In the Northwest suburbs of Geneva on the Franco–Swiss border sits CERN (the European Organization for Nuclear Research), the world’s largest particle physics laboratory. CERN is home to the most ambitious particle physics project of our time, the search for the Higgs Boson particle, a hypothetical sub-atomic particle that is thought to give mass to all other particles. This elusive speck is so treasured that some have dubbed it the God Particle. In order to coax the Higgs Boson out from hiding, detectors at the Large Hadron Collider (LHC), CERN’s giant particle accelerator, are smashing together beams of high-energy protons. The most promising collisions are converted into electronic signals, and sent to a computer farm where they undergo a digital reconstruction. But this is only the beginning of the data’s long journey.
An article in Nature looks at the path the data must travel in order to reach member research sites, where the analysis can commence.
Here’s a breakdown of the process:
Even after rejecting 199,999 of every 200,000 collisions, the detector churns out 19 gigabytes of data in the first minute. In total, ATLAS and the three other main detectors at the LHC produced 13 petabytes (13 × 10^15 bytes) of data in 2010, which would fill a stack of CDs around 14 kilometres high.
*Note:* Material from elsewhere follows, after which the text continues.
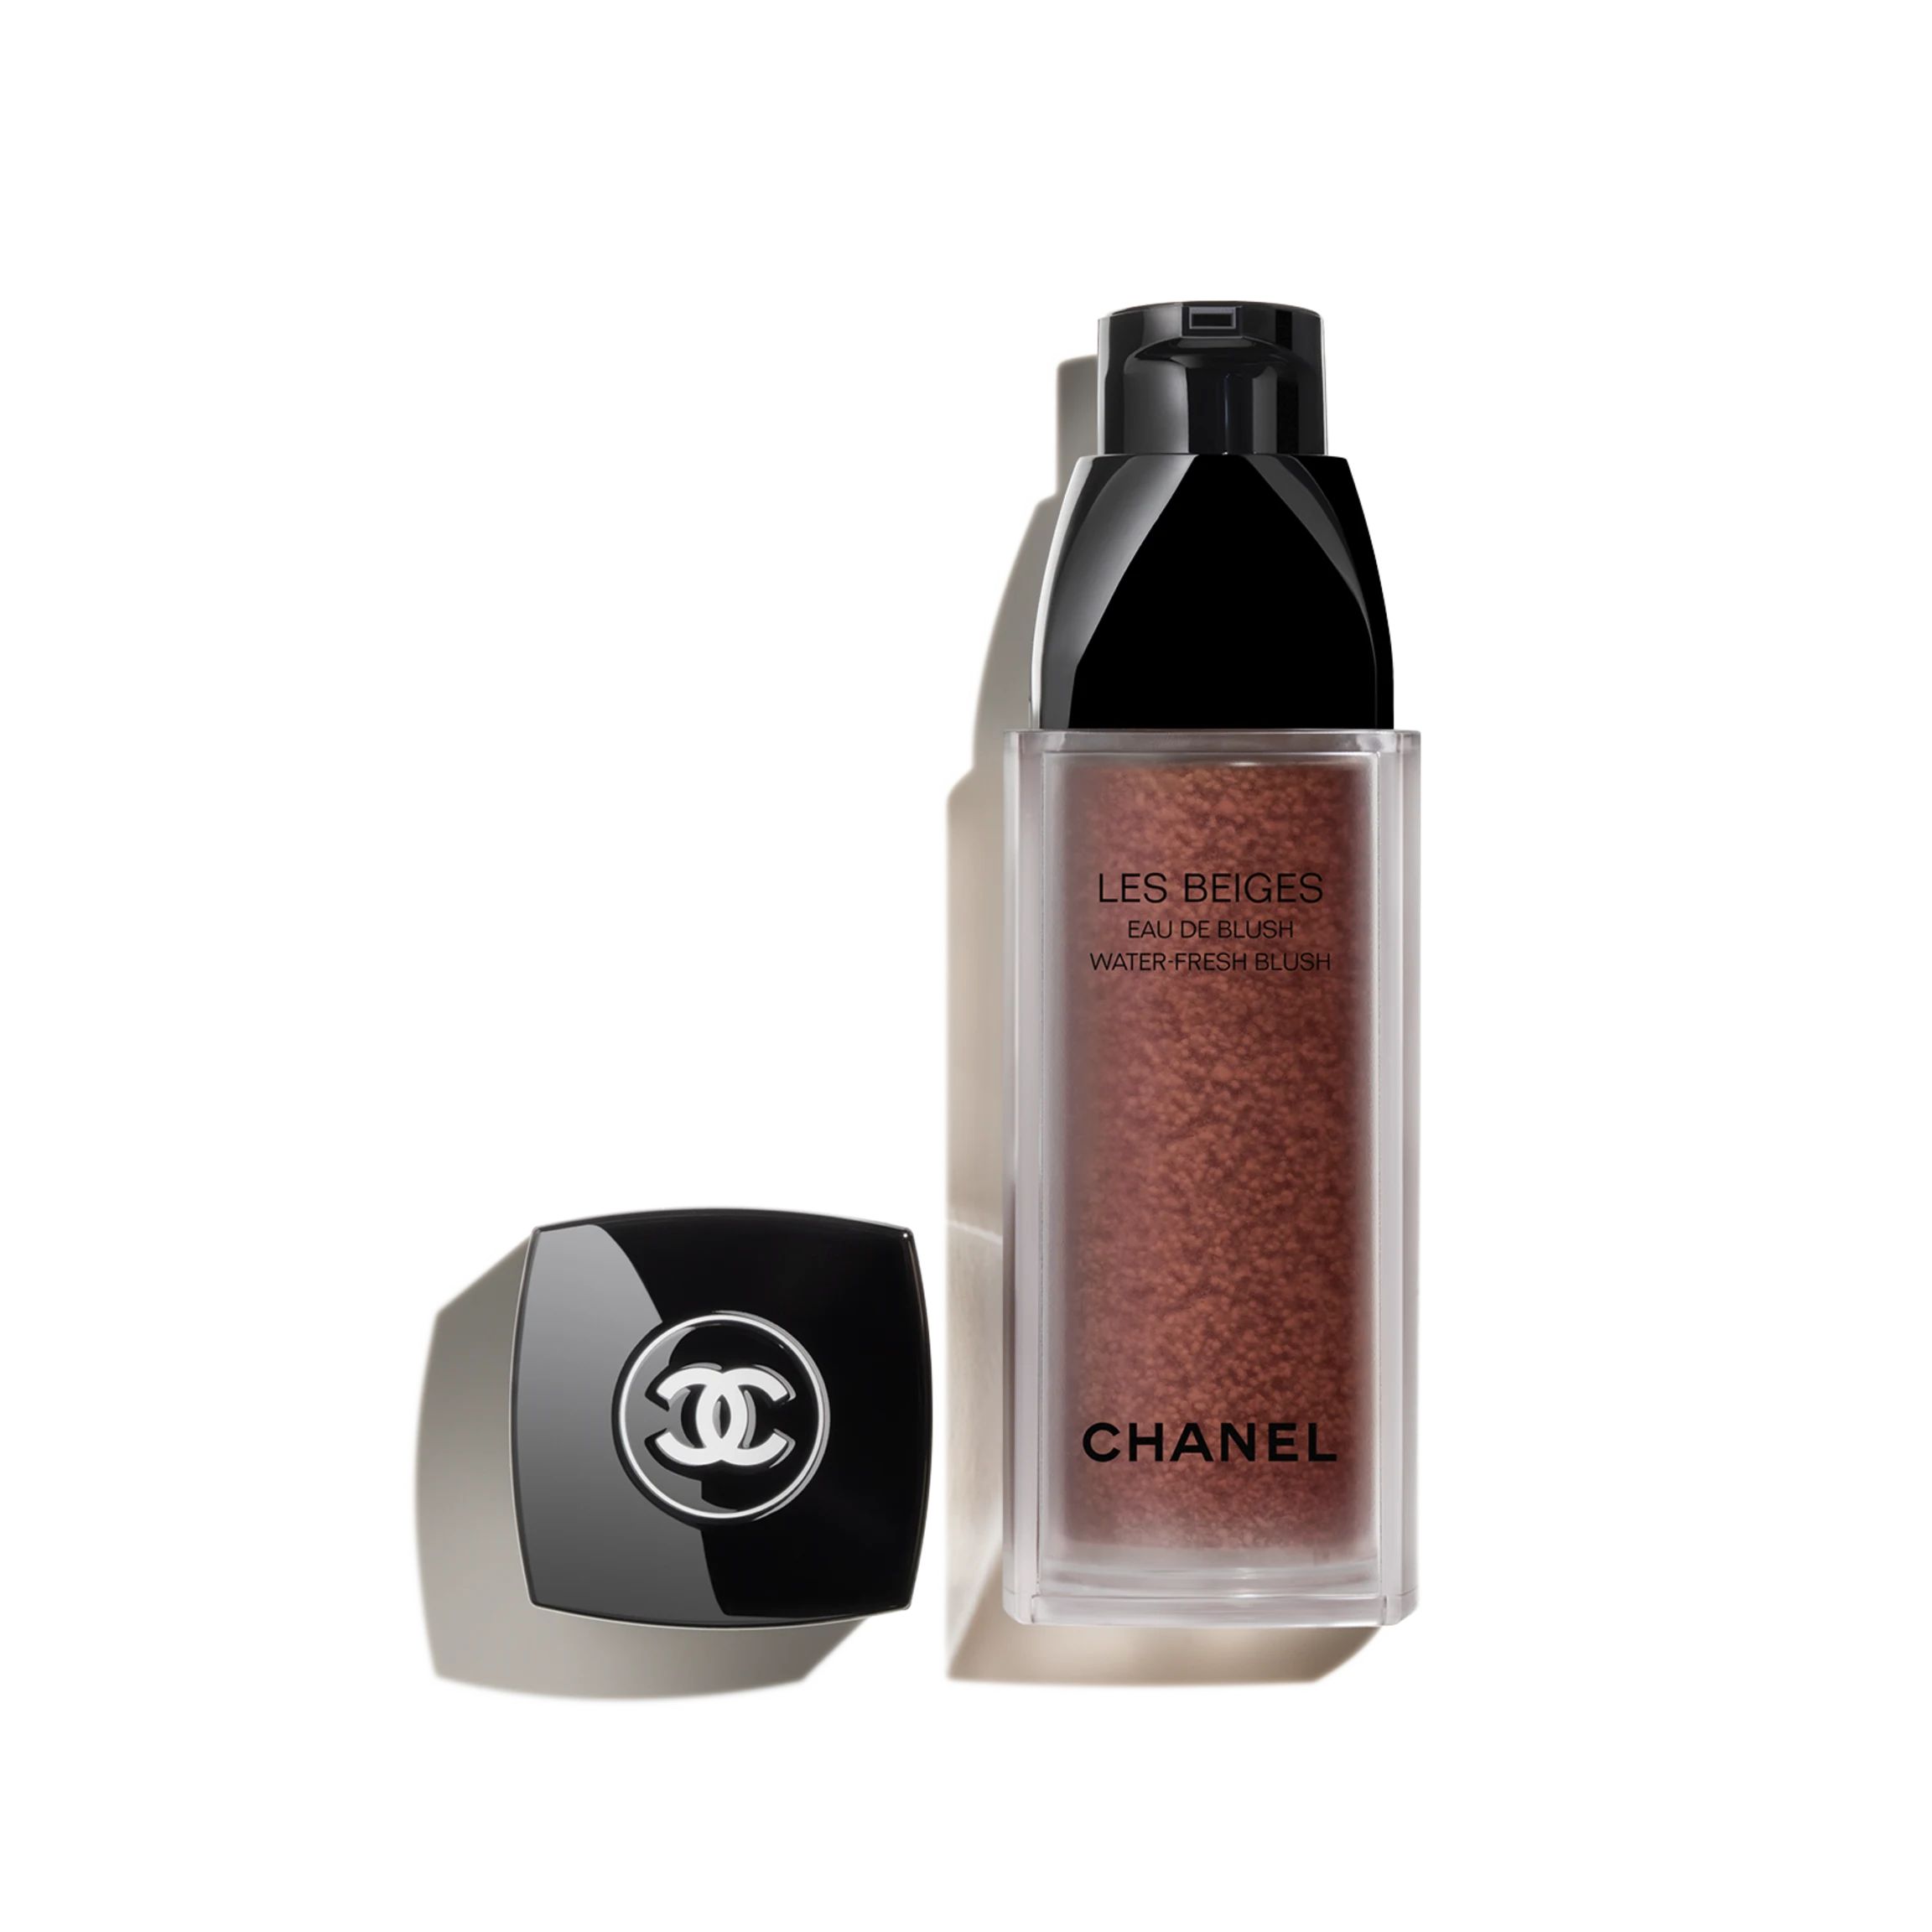 LES BEIGES Water-fresh blush Light peach | CHANEL | Chanel, Inc. (US)
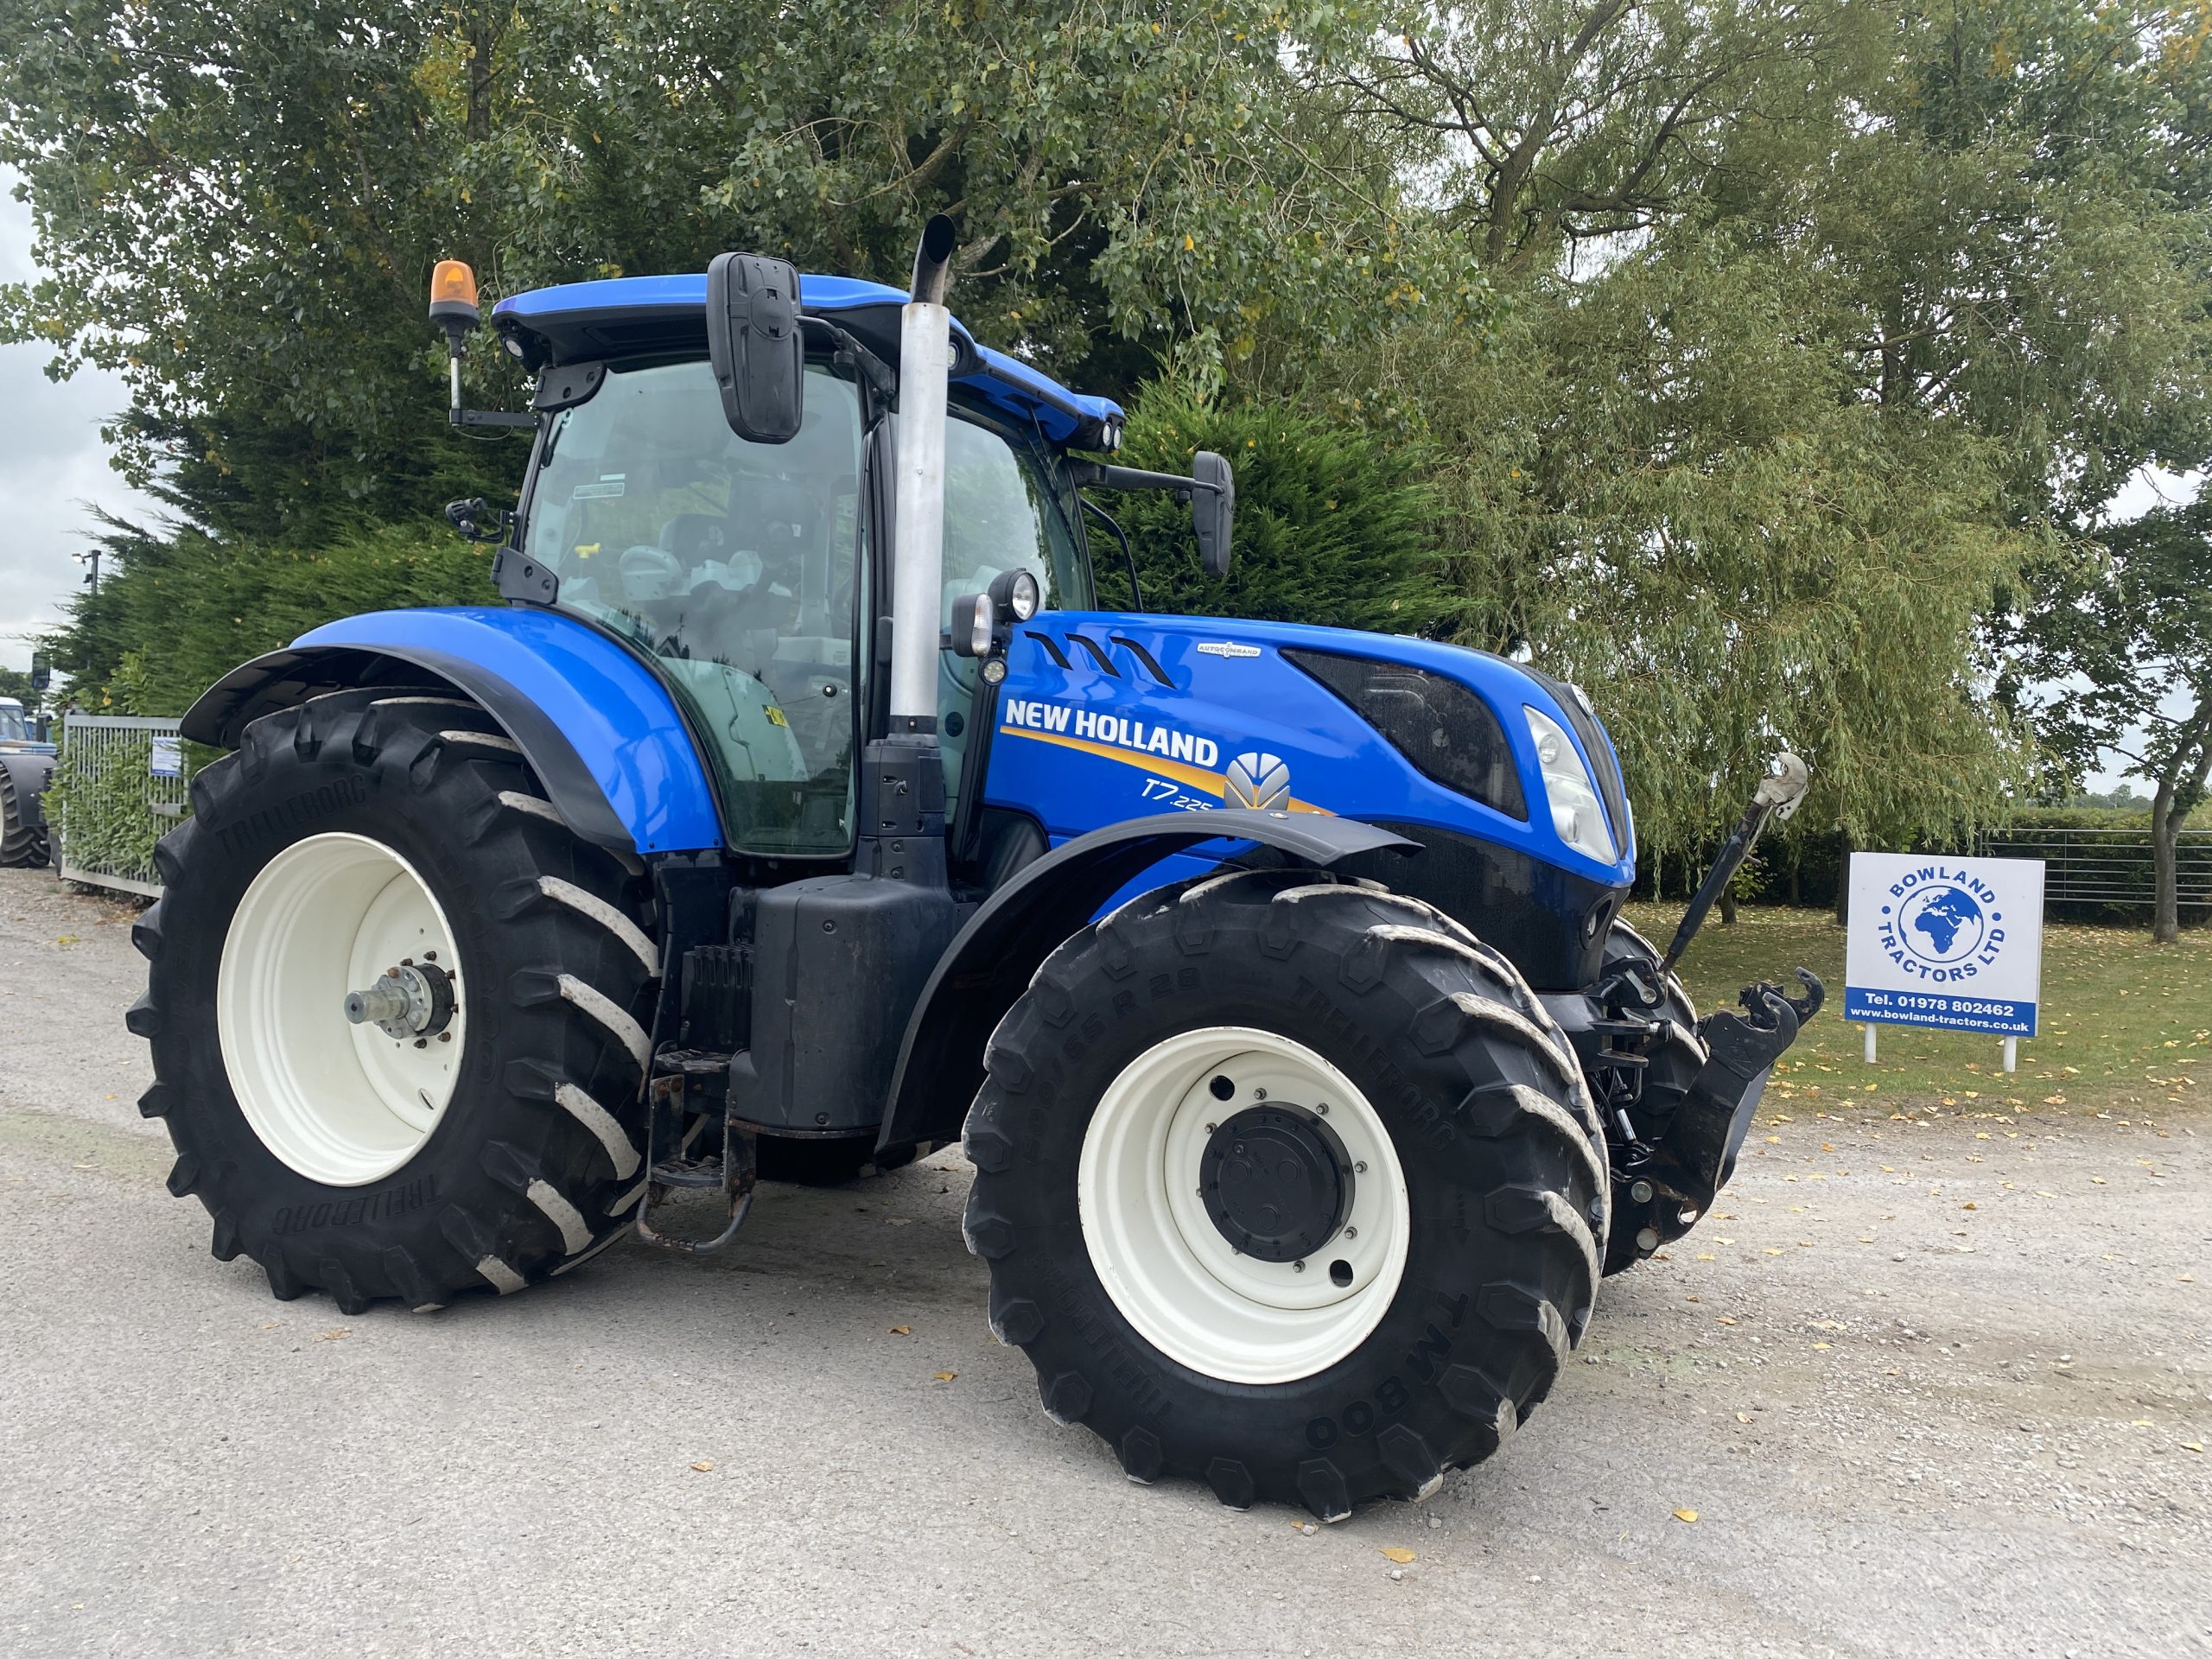 bowland-tractors.co.uk

That rate outstrips any other scientific effort going on today, even in data-rich fields such as genomics and climate science (see Nature 455, 16–21; 2008). And the analyses are more complex too. Particle physicists must study millions of collisions at once to find the signals buried in them — information on dark matter, extra dimensions and new particles that could plug holes in current models of the Universe. Their primary quarry is the Higgs boson, a particle thought to have a central role in determining the mass of all other known particles.
The data get sent to the Worldwide LHC Computing Grid, an extensive network of linked computers, comprising approximately 200,000 processing cores and 150 petabytes of disk space. From here it is distributed to 34 countries through leased data lines at a rate of 5 gigabytes per second. All the researchers need a copy of the data, but if they all logged into the system at the same time, it would overload and shut down. So instead, the grid automatically routes copies of the data to the participating research institutions.
The datasets are split up so that different research groups each get relevant pieces. When the information reaches its destination, the project partners will access it, and run their experiments. As more and more data are collected, a picture begins to form. With each petabyte of data that flows through the grid, the scientists could be one step closer to finding proof of the God Particle, and achieving a deeper understanding of the big bang.